2621440 inodes, 10485760 blocks

524288 blocks (5.00%) reserved for the super user

First data block=0

Maximum filesystem blocks=2157969408

320 block groups

32768 blocks per group, 32768 fragments per group

8192 inodes per group

Superblock backups stored on blocks:

32768, 98304, 163840, 229376, 294912, 819200, 884736, 1605632, 2654208,

4096000, 7962624

Allocating group tables: done

Writing inode tables: done

Creating journal (32768 blocks): done

Writing superblocks and filesystem accounting information:

Warning, had trouble writing out superblocks.
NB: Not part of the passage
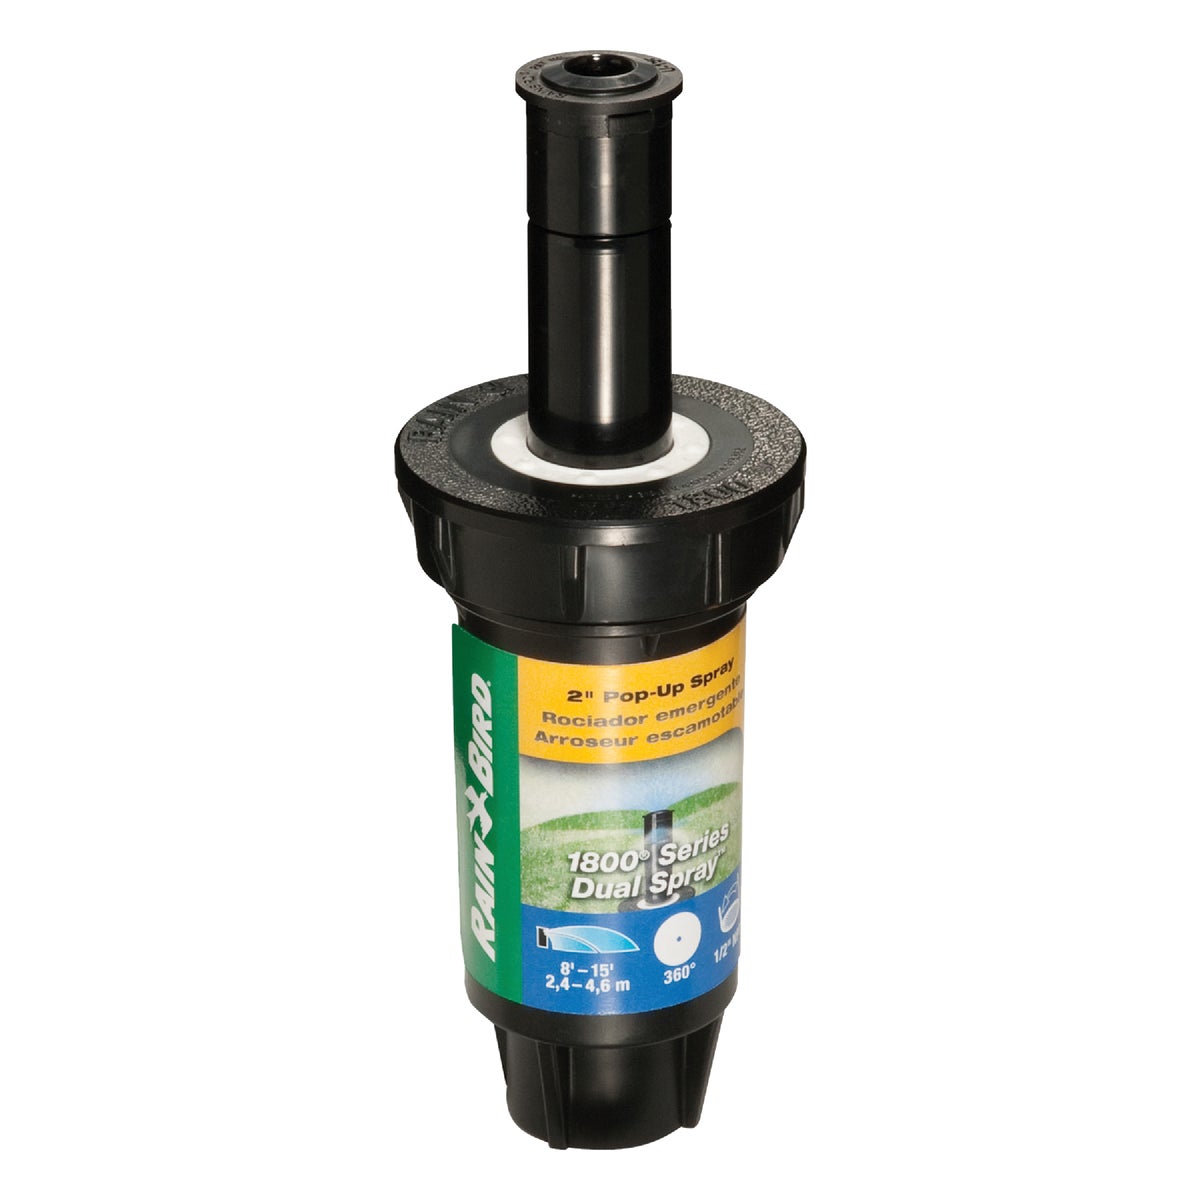 Item 704321, Professional pop-up sprinkler with a dual spray nozzle.

-----------------------------------------------------------------------------------------------------

while above task fails, /var/log/messages on initiator has following errors.

-------------------------------------------------------------------------------------------------------------

kernel: connection1:0: detected conn error (1020)

Kernel reported iSCSI connection 1:0 error (1020 - ISCSI_ERR_TCP_CONN_CLOSE: TCP connection closed) state (3)

connection1:0 is operational after recovery (1 attempts)

connection1:0: detected conn error (1020)

Kernel reported iSCSI connection 1:0 error (1020 - ISCSI_ERR_TCP_CONN_CLOSE: TCP connection closed) state (3)

connection1:0 is operational after recovery (1 attempts)

connection1:0: detected conn error (1020)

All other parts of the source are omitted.